The second theory, called
top-down
control, states that predation and grazing by higher trophic levels
on lower trophic levels ultimately controls ecosystem function. For example,
if you have an increase in predators, that increase will result in fewer
grazers, and that decrease in grazers will result in turn in more primary
producers because fewer of them are being eaten by the grazers. Thus the
control of population numbers and overall productivity "cascades" from
the top levels of the food chain down to the bottom trophic levels. In earlier lectures this idea was also introduced and explained as a "trophic cascade".

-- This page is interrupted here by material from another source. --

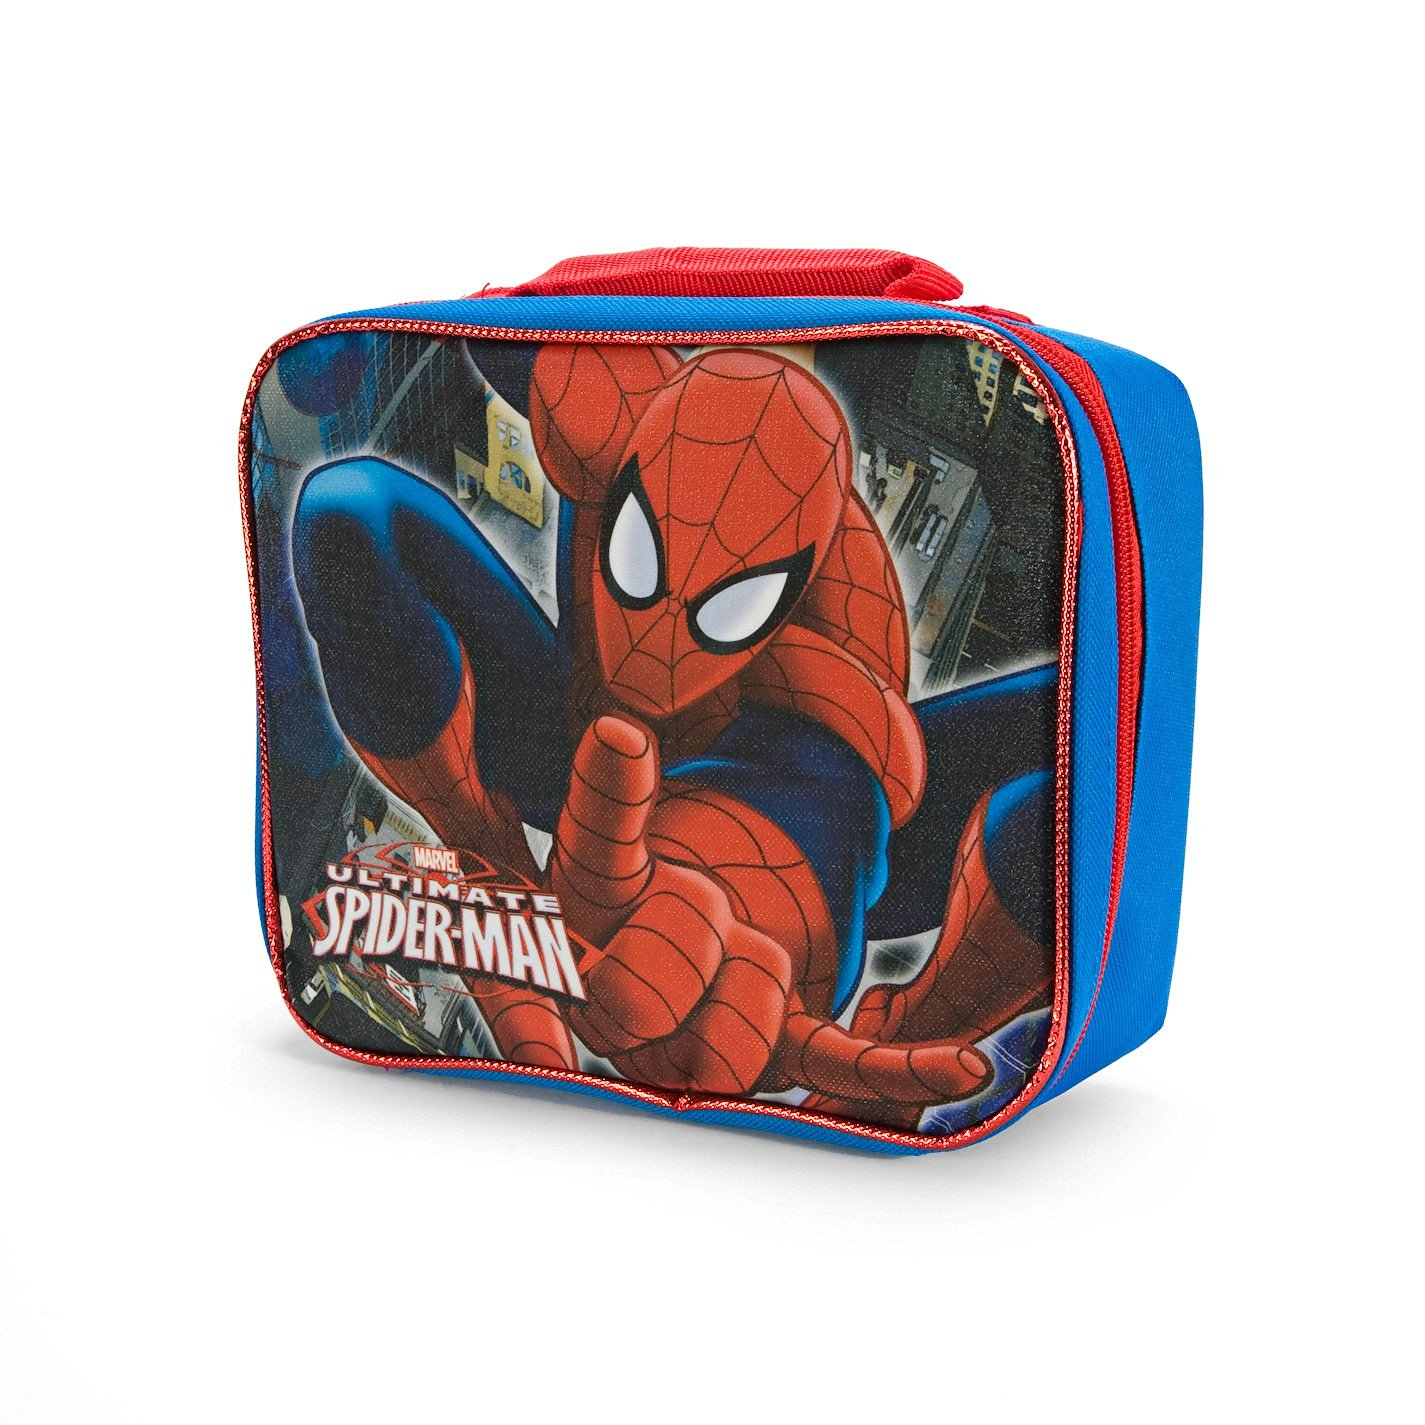 Marvel Ultimate Spider-Man Lunch Box Kit

So, which theory is correct? Well,
as is often the case when there is a clear dichotomy to choose from, the
answer lies somewhere in the middle. There is evidence from many ecosystem
studies that BOTH controls are operating to some degree, but that NEITHER
control is complete. For example, the "top-down" effect is often very strong
at trophic levels near to the top predators, but the control weakens as
you move further down the food chain toward the primary producers. Similarly, the "bottom-up" effect
of adding nutrients usually stimulates primary production, but the stimulation
of secondary production further up the food chain is less strong or is
absent.
Thus we find that both of these controls
are operating in any system at any time, and we must understand the relative
importance of each control in order to help us to predict how an ecosystem
will behave or change under different circumstances, such as in the face
of a changing climate.
The word "biome" is used to describe
a major vegetation type such as tropical rain forest, grassland, tundra,
etc., extending over a large geographic area (Figure 3). It is never used
for aquatic systems, such as ponds or coral reefs. It always refers to
a vegetation category that is dominant over a very large geographic scale,
and thus is somewhat broader geographically than an ecosystem.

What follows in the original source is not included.